Why it is so important to accompany Artificial Intelligence with the so called “Knowledge Domain” (KD) in industrial applications?
Knowledge Domain is defined as a broad-based understanding of a particular body of information (Encyclopedia of Science and Technology). It allows effective interpretation of data correlations, events or other symptoms in a related process.
Industrial applications of AI frequently find relevant correlations that appear strange and difficult to understand. Other correlations are evident and offer no additional information when investigating a failure mechanism, whether it is for predicting or root cause elimination.
Understanding these strange correlations requires process knowledge (domain) to realize their true meaning in terms of hidden root causes. In most cases these unveil Systemic Root Causes, that when corrected, produce dramatic improvements.

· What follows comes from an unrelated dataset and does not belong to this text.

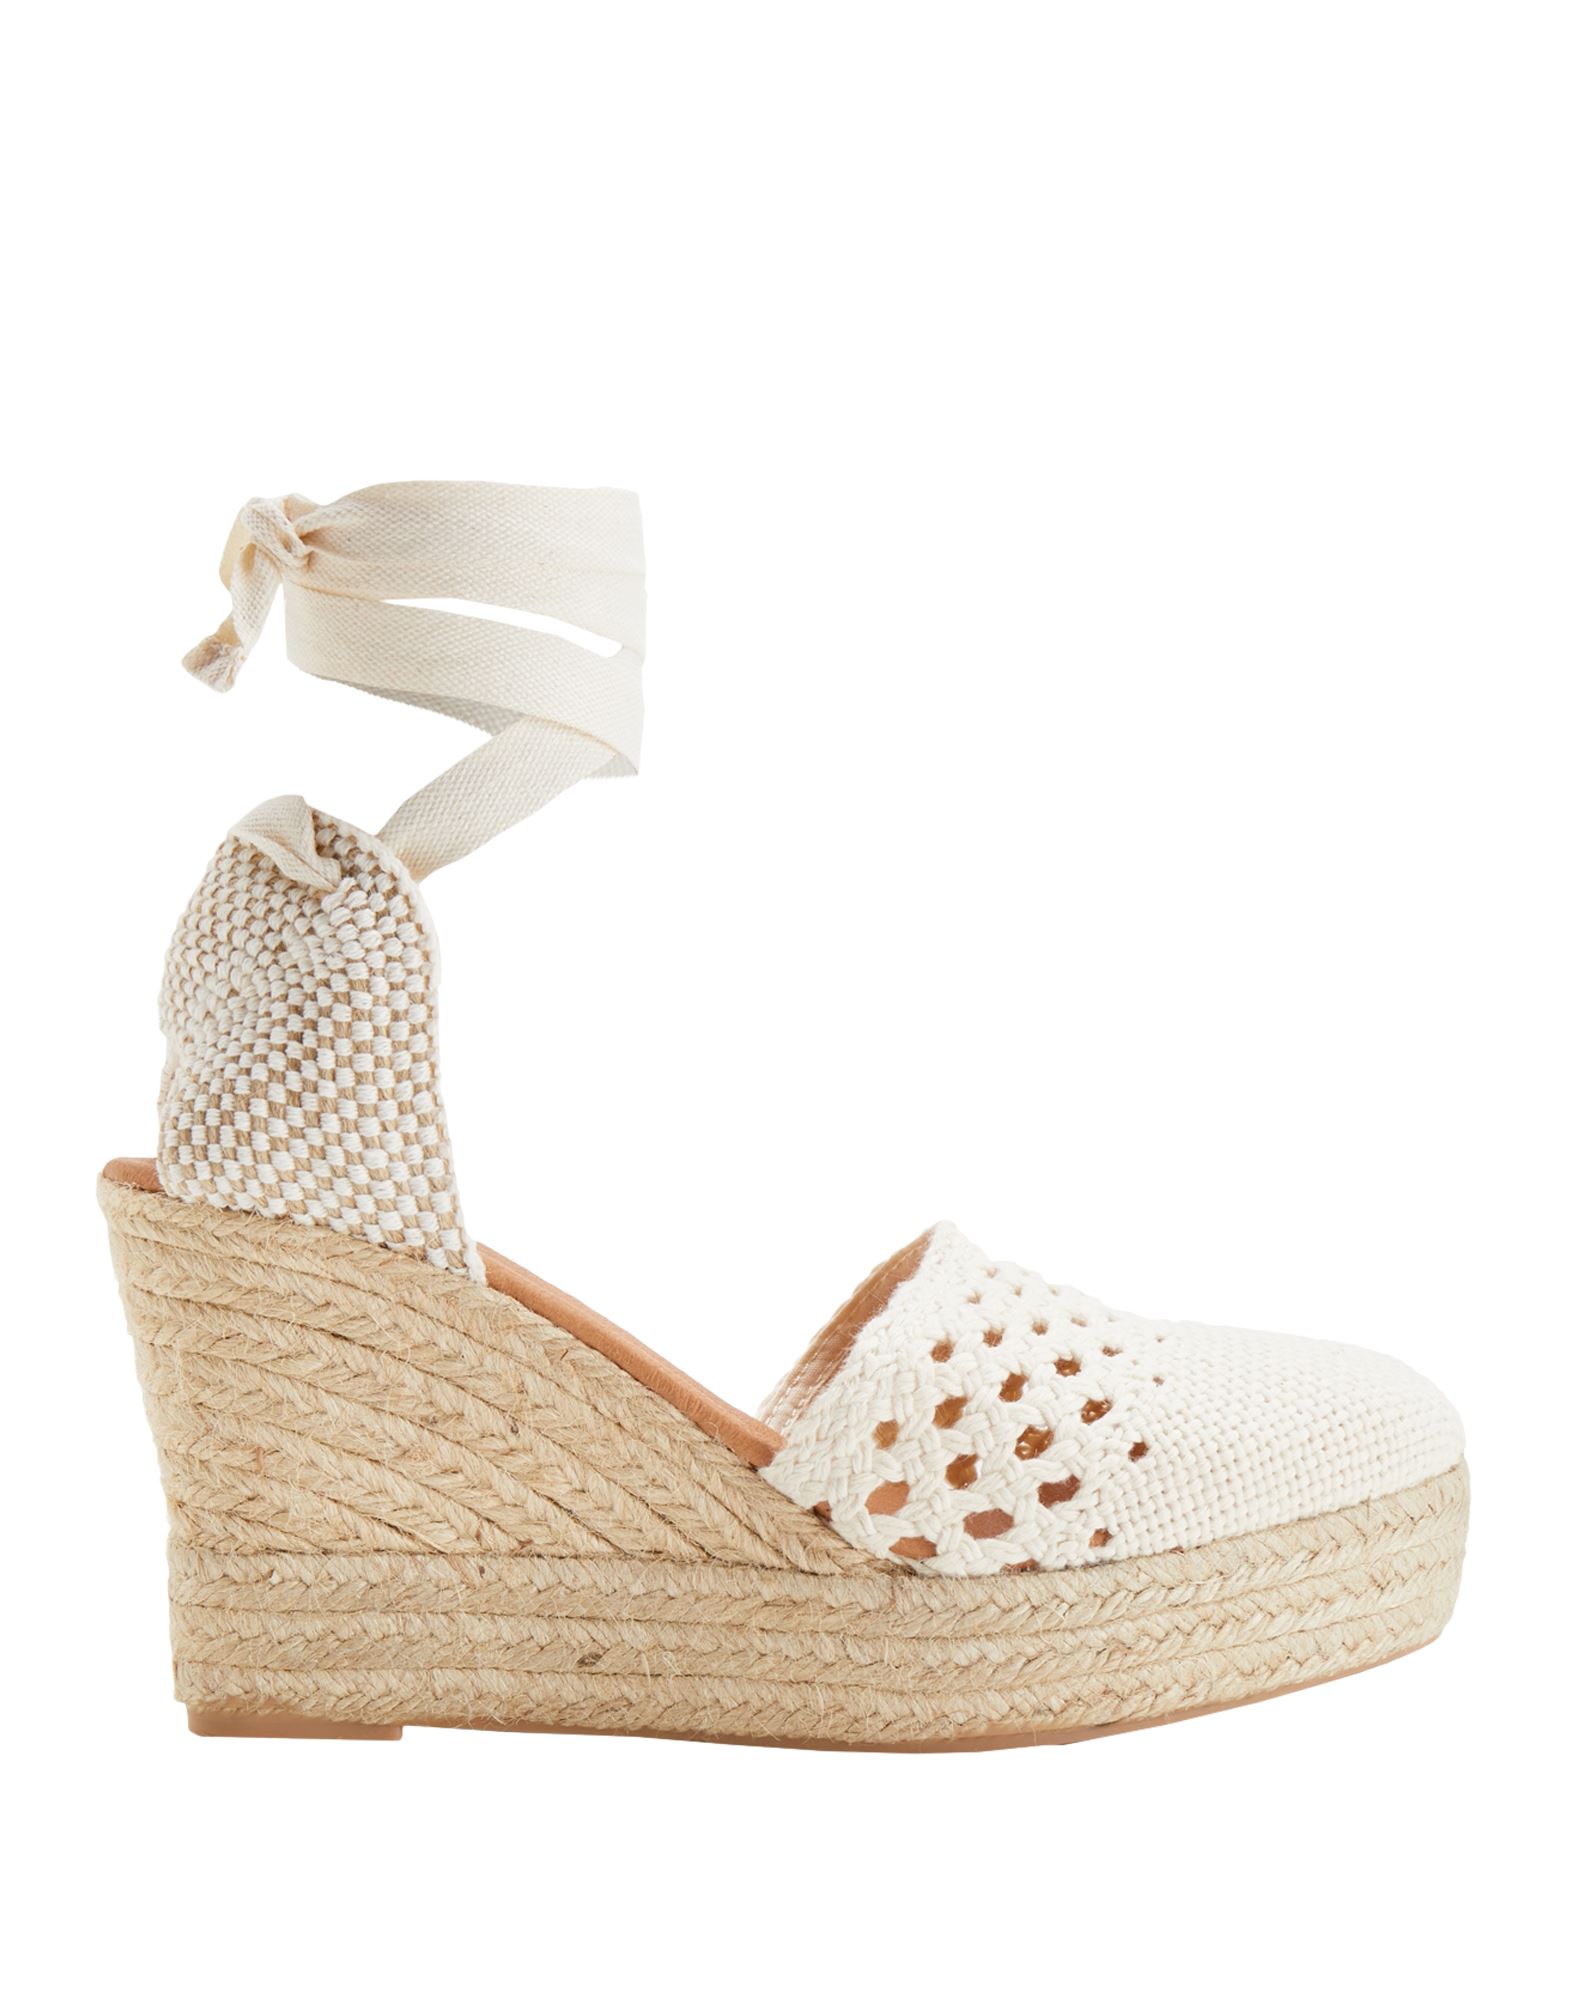 8 By Yoox Espadrilles In White

One example to illustrate the point:
The position of a backpressure control valve was reported, by the analytics module, to have a strong correlation with chronic breaking and pitting of heat exchanger plates in a cooling system of an offshore platform, after looking in detail into the valve operation and CMMS records, among others, it became clear that cavitation and associated vibrations were affecting the control valve, heat exchanger, isolation valves, as well as piping. Reducing water velocity proved to be very effective in eliminating several failure mechanisms linked to same systemic root cause.
Assembling the required holistic knowledge domain (team) for root cause failure analysis powered with AI is a new role for reliability engineers and organizations.